In the 1960s, Hunt signed on as an editor on the first James Bond film, Dr. No (1962), and he edited From Russia with Love (1963) and Goldfinger (1964). On those three films, Hunt developed an editing technique in which he utilized quick cutting, allowing camera swings during action and inserts interleaving other elements. He also worked with Harry Saltzman and Albert R. Broccoli on the Bob Hope film Call Me Bwana (1963), and with Saltzman and a few other Bond veterans on the non-Eon thriller The IPCRESS File (1965). Call Me Bwana was the only film produced by the James Bond production company Eon Productions that was not a Bond film until 2014.

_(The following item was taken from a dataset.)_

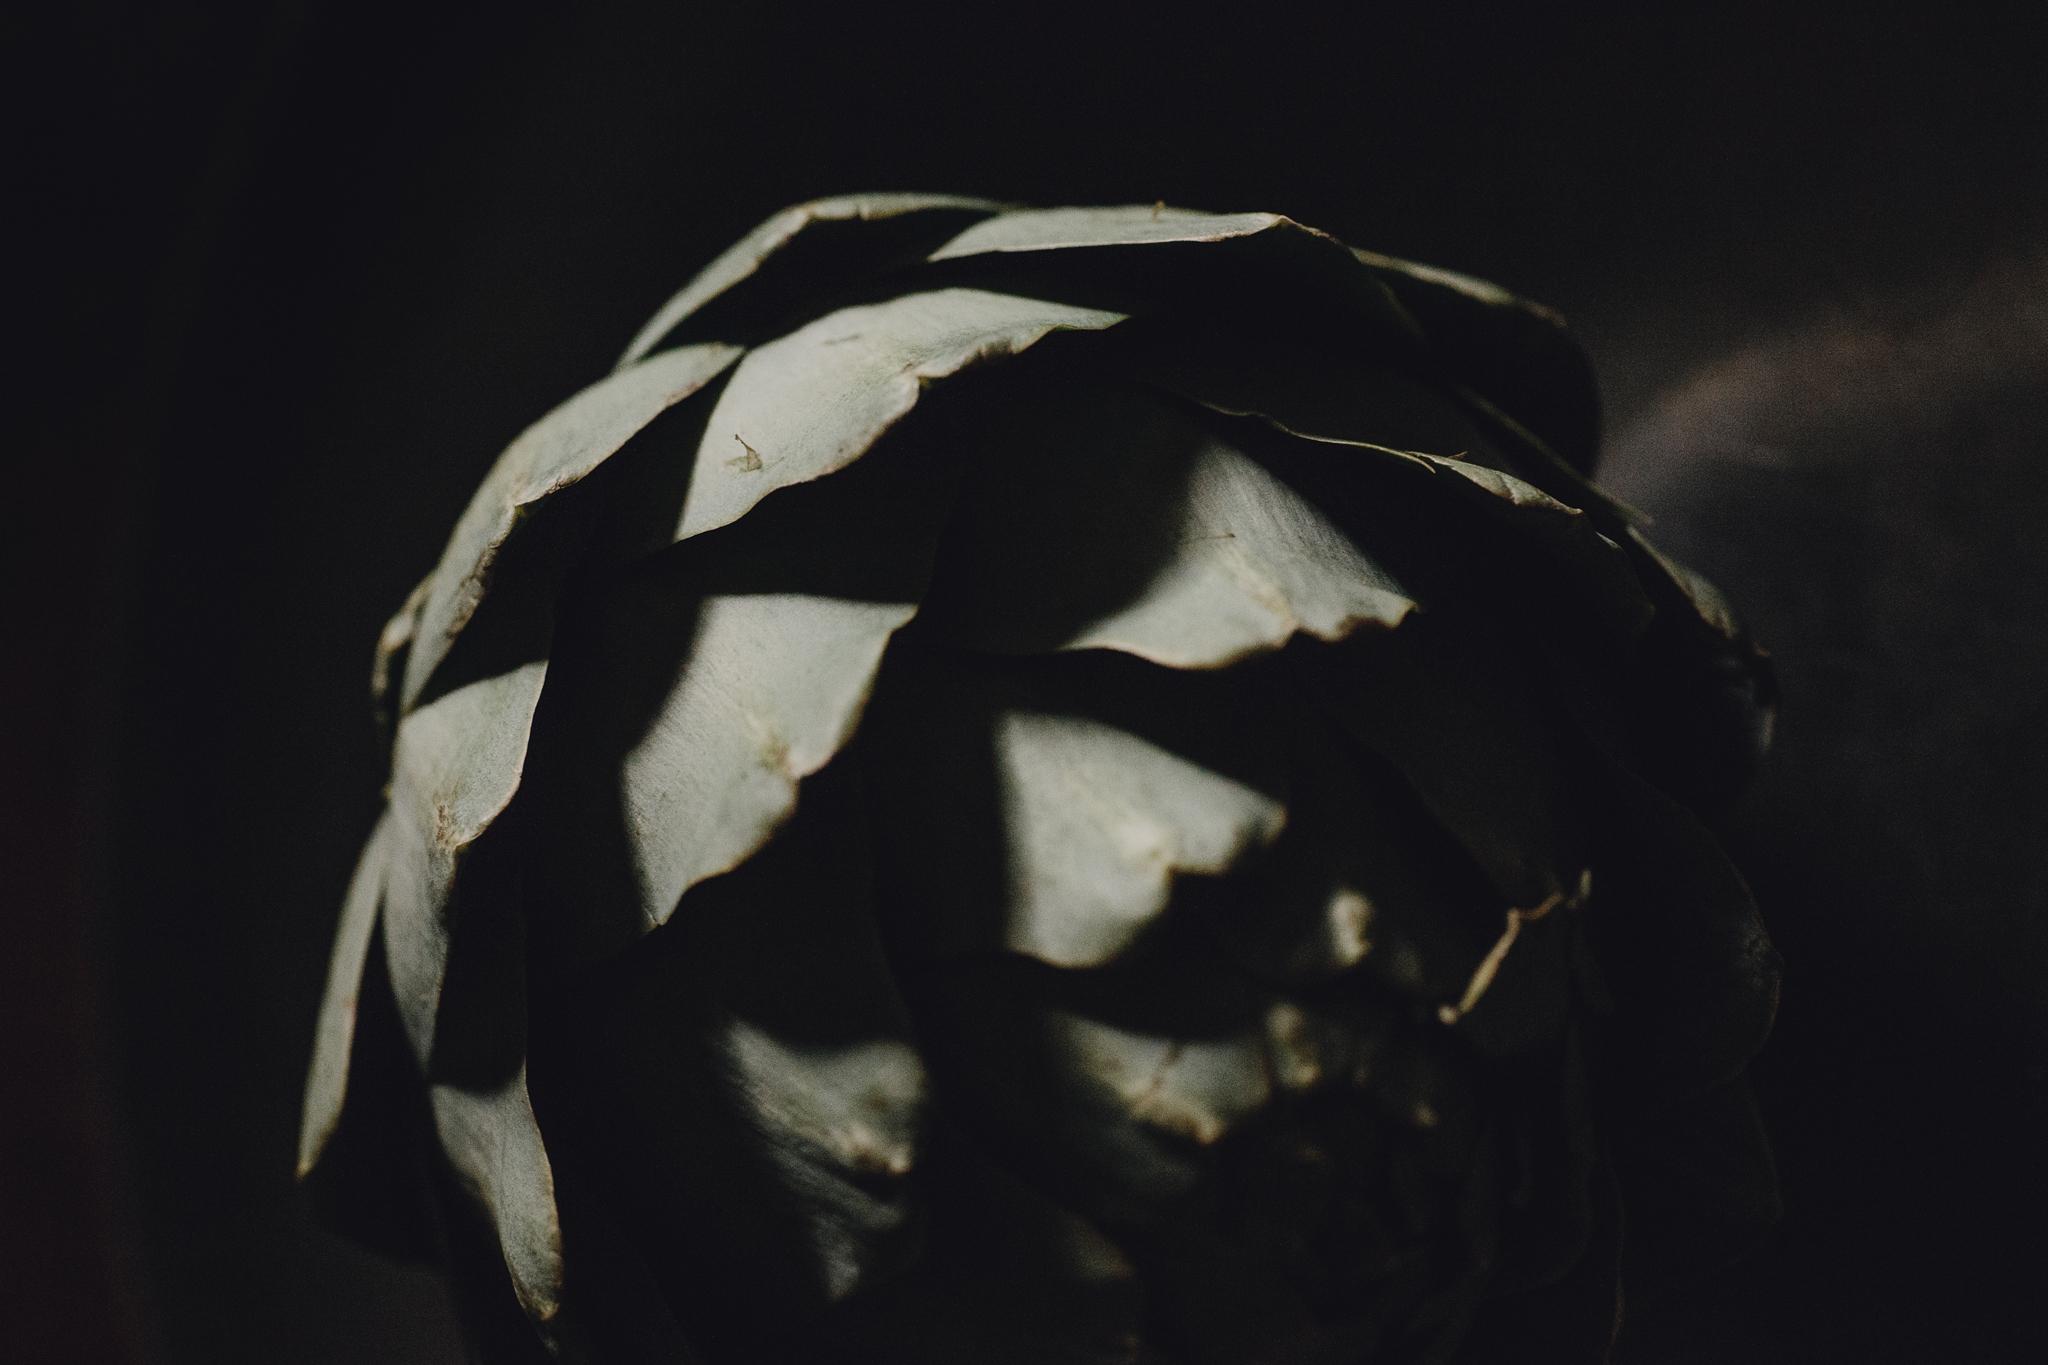 alabaster_abstract_ig_0158.jpg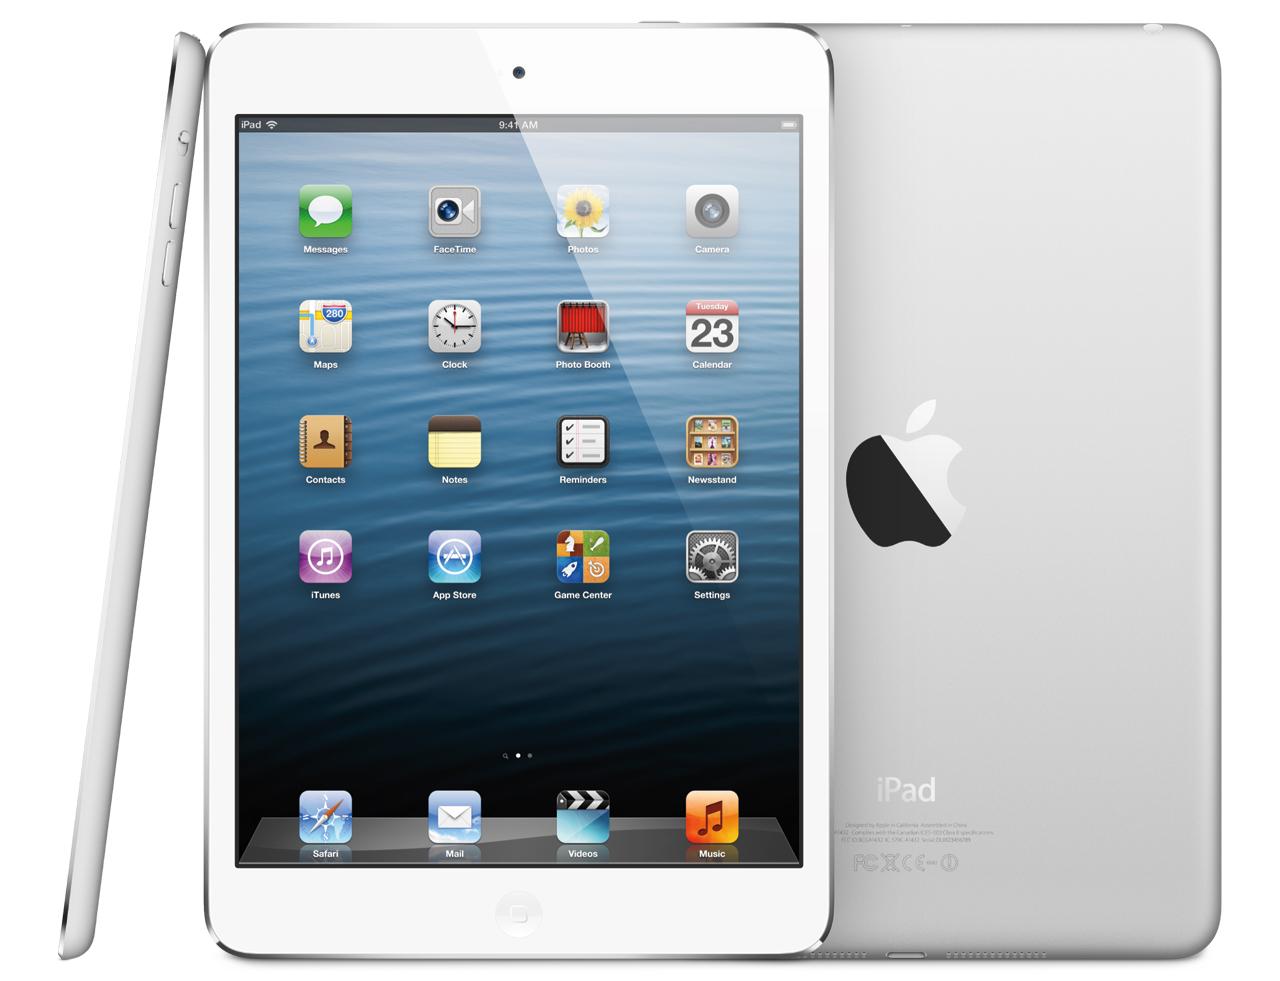 Daftar Harga IPad Apple Terbaru Juli 2013

After editing Thunderball (1965), Hunt asked to direct You Only Live Twice (1967) but was passed over in favor of Lewis Gilbert. Although Hunt initially quit in protest, Broccoli and Saltzman persuaded him to stay as second unit director on the understanding that he would be promoted to director in a future Eon film. Saltzman and Broccoli were impressed with his quick cutting skills and felt he had set the style for the series. Hunt directed the "Little Nellie" sequence of the film. When Gilbert passed on the opportunity to direct On Her Majesty's Secret Service (1969), Broccoli and Saltzman selected Hunt as director. Hunt also asked for the position during the production of Chitty Chitty Bang Bang (1968), and he brought along with him many crew members, including cinematographer Michael Reed and editor John Glen. Hunt was concerned to put his mark on the production – "I wanted it to be different than any other Bond film would be. It was my film, not anyone else's."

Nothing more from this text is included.